College Readiness: A Guide to Preparing for Higher Education

College readiness is about pushing yourself toward the highest possible standards and expanding your horizons. There’s no better time to start preparing than right now. We’ll take you through the most critical prerequisite skills for college success and career readiness. Then, you’ll be ready to get the most out of your college experience.

Why is College Readiness so Important?

Overall, only 37 percent of ACT-tested graduates in the class of 2019 met at least 3 of the 4 ACT College Readiness Benchmarks showing strong college readiness.1 High school parents, teachers, administrators, and students can challenge this statistic by encouraging improved academic rigor and preparedness. But that’s only half of the picture. Many aspects of college readiness involve soft skills and real-world skills that make the transition to independence much more manageable. Then, academics can become the main focus once the semester begins.

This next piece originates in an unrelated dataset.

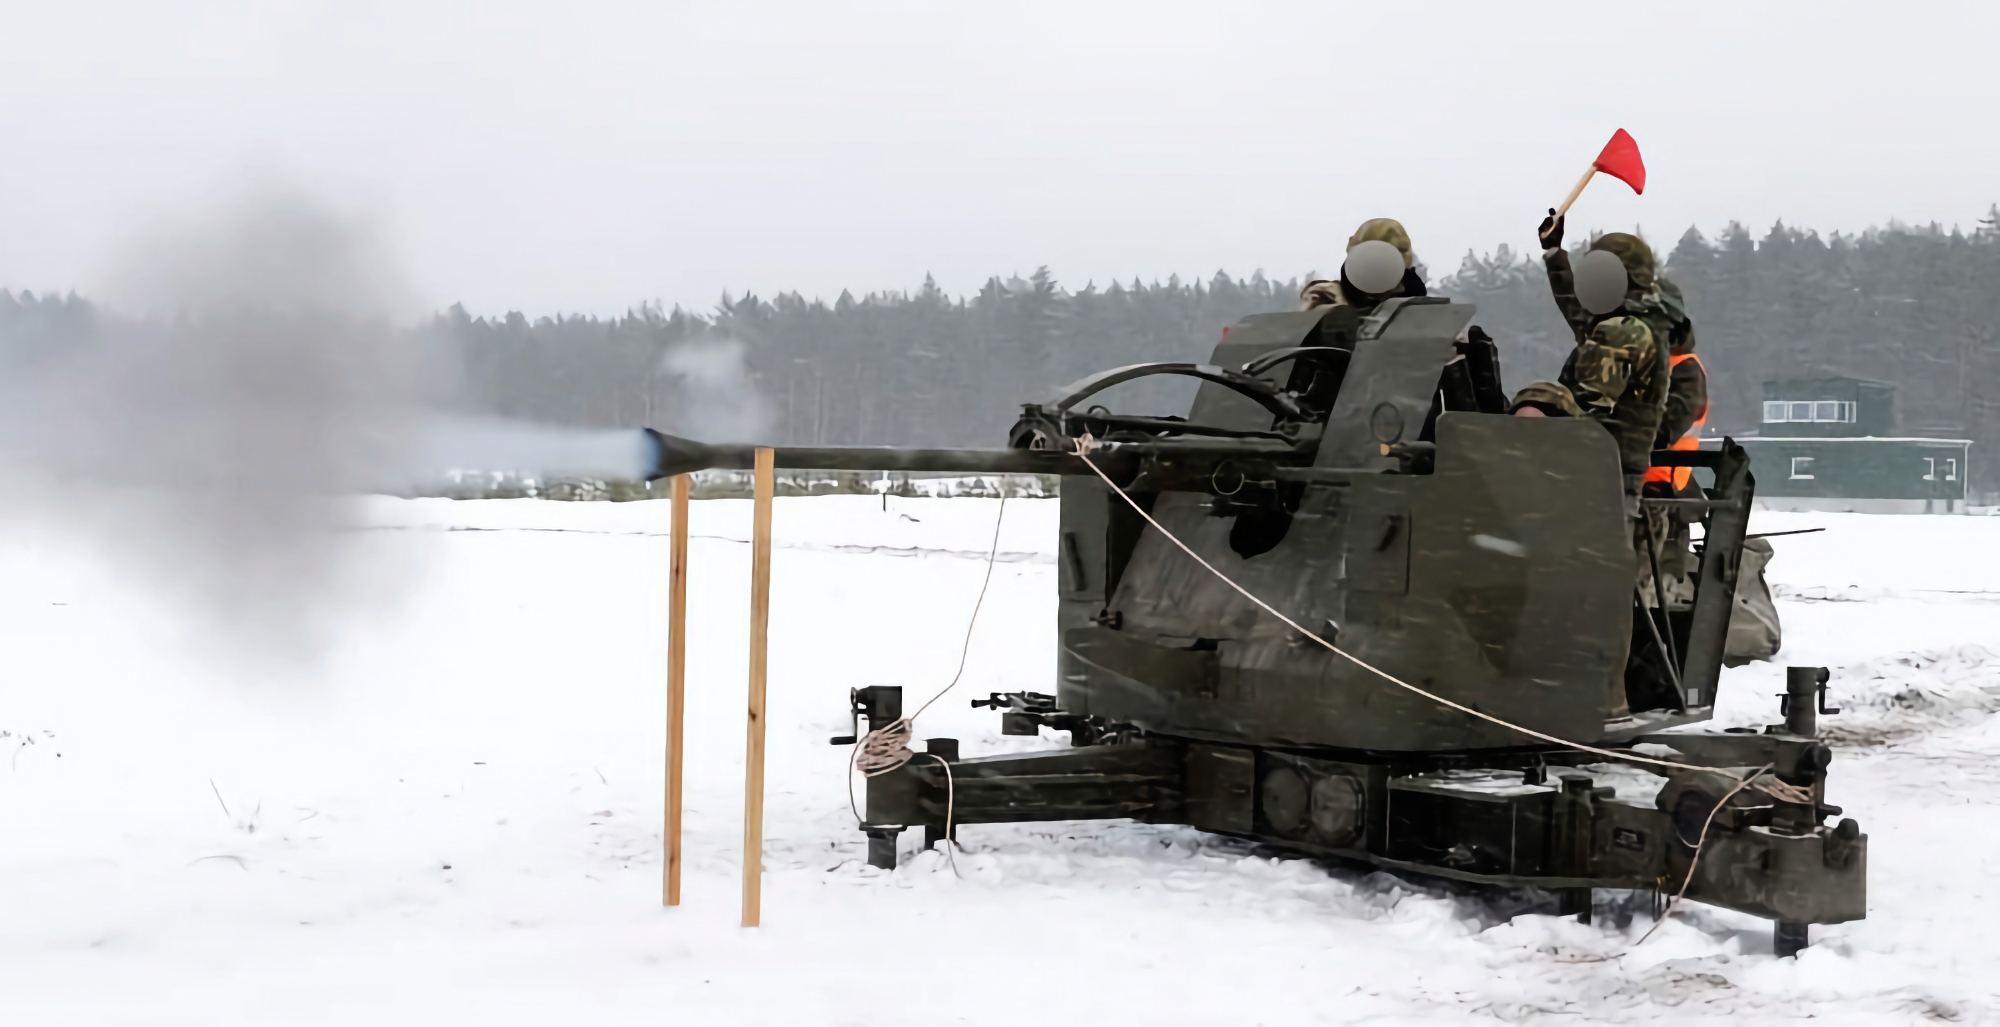 Ukraina otrzymuje partię szwedzkich dział przeciwlotniczych L-70, które mogą niszczyć cele powietrzne na odległość do 12,5 km

3 Top Moves for Academic College Readiness

Research the Degree Programs

College allows you to explore your interest in a career field. Many colleges have specialized degree programs built into robust academic communities. As you look into colleges, focus on the specific degree programs to see whether they match your interests. While colleges’ websites can be a tremendous resource, talk to a high school guidance counselor to further explore your options. You can also check out Regent’s wide range of degree programs with over 150 unique areas of study. If you’re still unsure, complete this form to receive valuable information about Regent’s award-winning degree programs and its SuccessPath Scholarship.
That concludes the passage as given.